‘The 2017 General Election: Volatile Voting – Random Results’ report argues First Past the Post (FPTP) is failing on its own terms, and models result under different voting systems using mass YouGov survey
- For immediate release, Monday 21st August
- Report now online here
- For more information or to arrange and interview with a spokesperson, contact email@example.com or 020 3714 4079
The instability of Westminster’s supposedly ‘strong and stable’ voting system has been laid bare, according to the Electoral Reform Society definitive report on June’s election.
The Society’s landmark General Election report, ‘The 2017 General Election: Volatile Voting, Random Results’, reveals:
- Wasted votes: 68% of votes had no impact on the result – 22 million votes were wasted this election
- Volatile voting: This election saw the second highest electoral volatility (the movement of votes between parties) since 1931. People are switching sides and shopping around at ‘astonishing’ levels
- Tiny margins: 0.0016% of voters choosing differently would have given the Conservatives a majority, while the election saw rise in very marginal seats: eleven seats were won by fewer than 100 votes
- The ‘hold your nose’ election: ERS estimate 6.5 million people voted tactically, alongside surge in smaller parties standing aside
- A divisive system: First Past the Post is exaggerating divisions in the UK – Labour secured 29% of South East vote but got just 10% of seats, while Conservatives won 34% of the North East vote but got just 9% of seats. Meanwhile, the SNP continue to be over-represented in Scotland, as is Labour in Wales, while Northern Ireland voters are forced into two camps
- Seats not matching votes: The Conservatives largely benefited from the discrepancy between votes and seats, winning 56% of English seats on 46% of the vote – while losing out significantly in Wales. The voting system is struggling to keep up with huge changes in partisan alignment.

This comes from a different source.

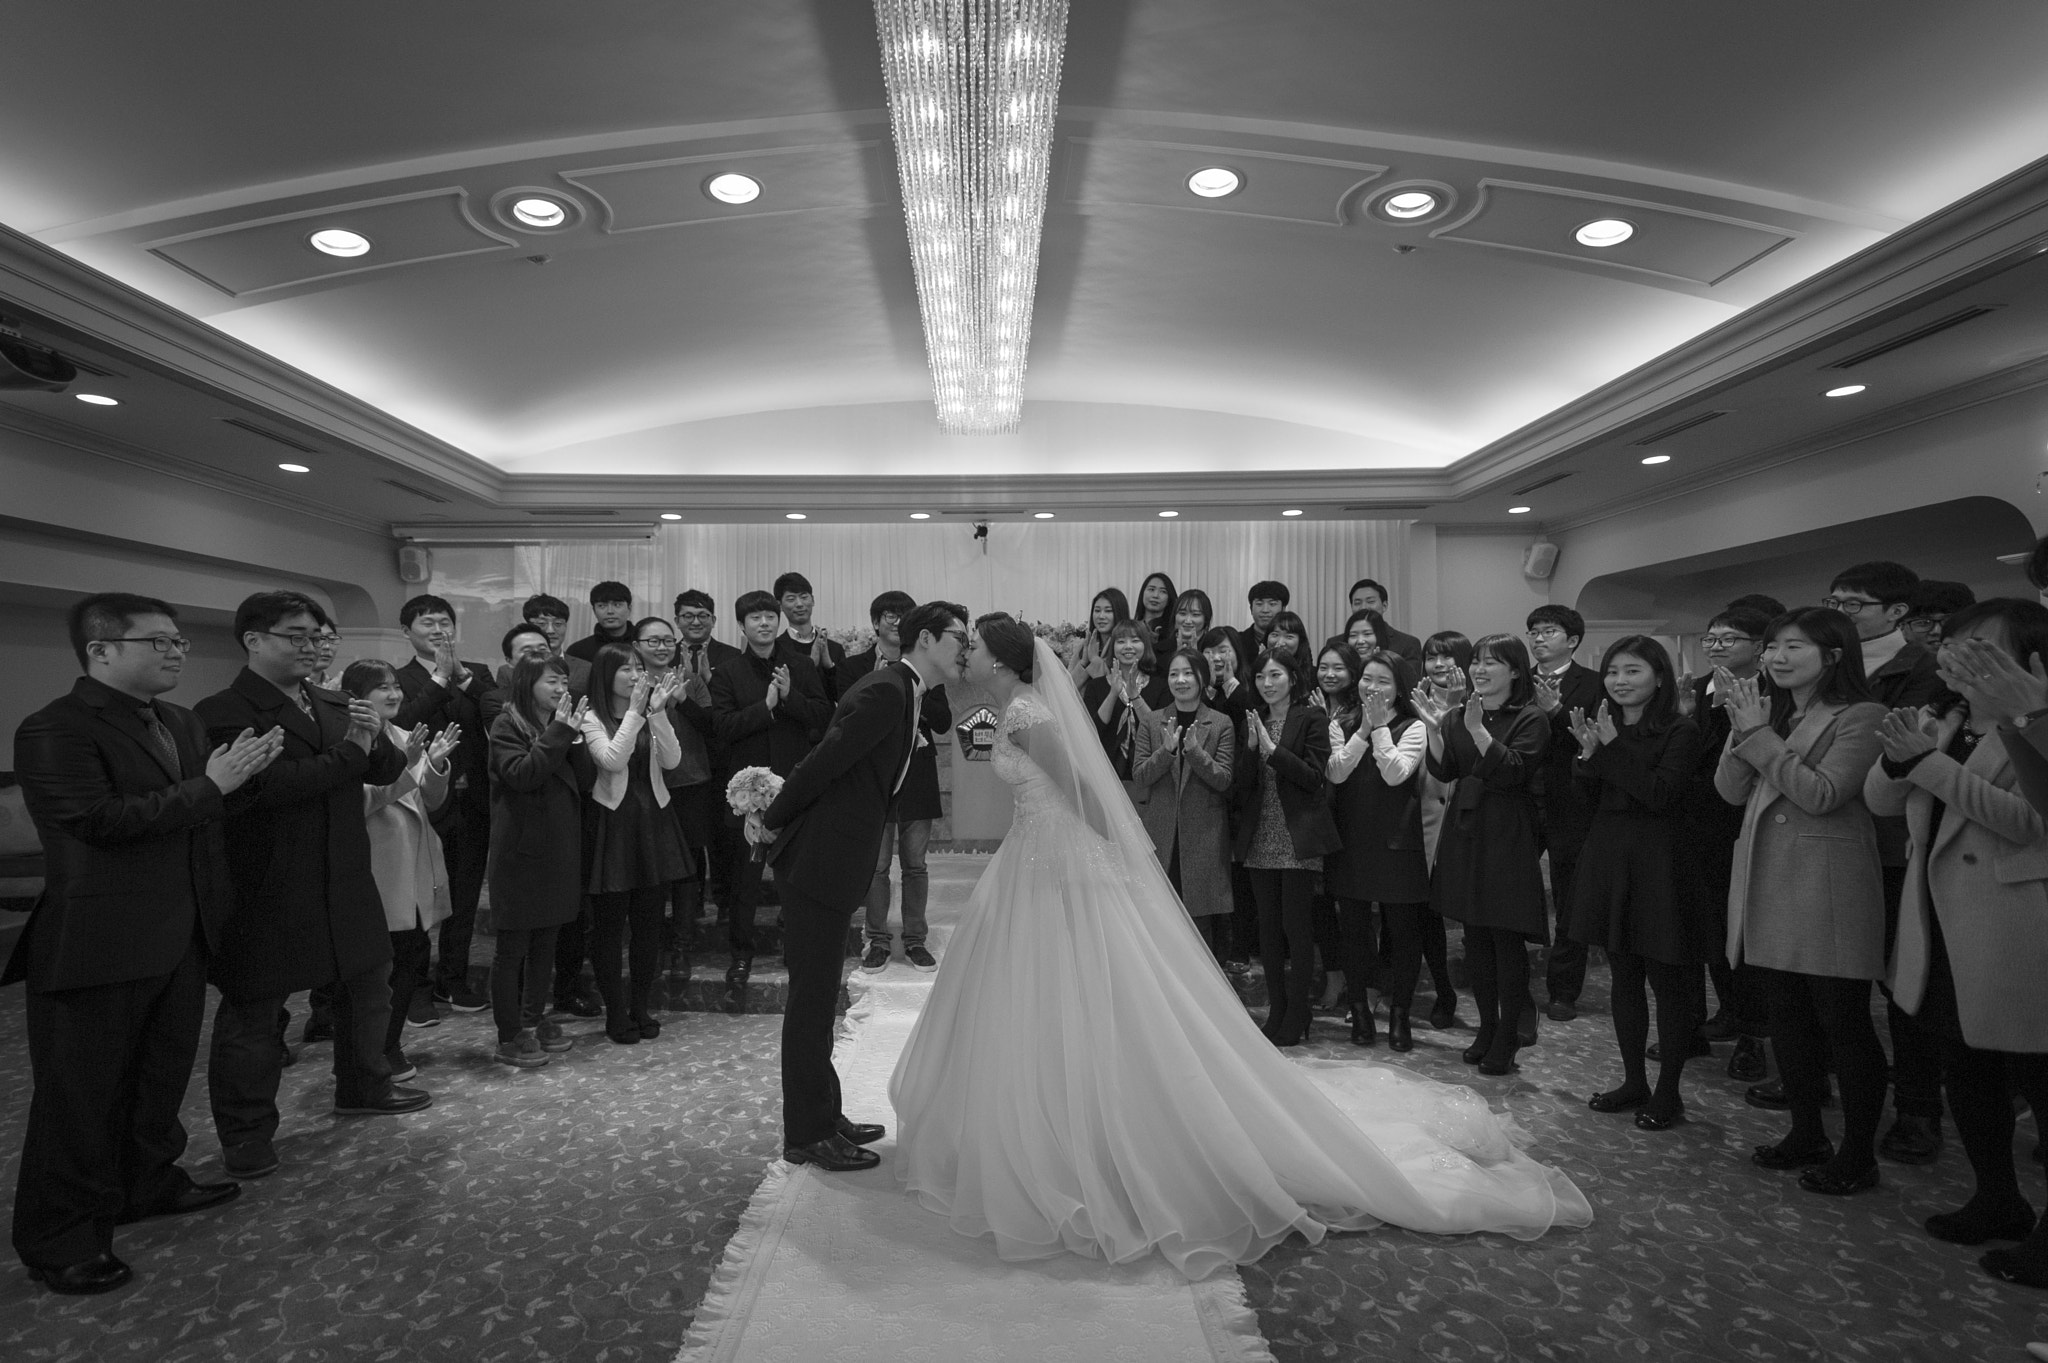 Nikon D3S + Nikon AF-S Nikkor 14-24mm F2.8G ED sample photo. Seoul central district court wedding hall 02 photography

- The results under PR: Labour would have emerged as largest party under Scotland and Northern Ireland’s Single Transferable Vote system, according to a huge YouGov survey of voters’ party preferences
Darren Hughes, newly-appointed Chief Executive of the Electoral Reform Society, said:
“For the third time in a row, Westminster’s voting system has failed to do what it says on the tin – produce a ‘strong and stable’ government.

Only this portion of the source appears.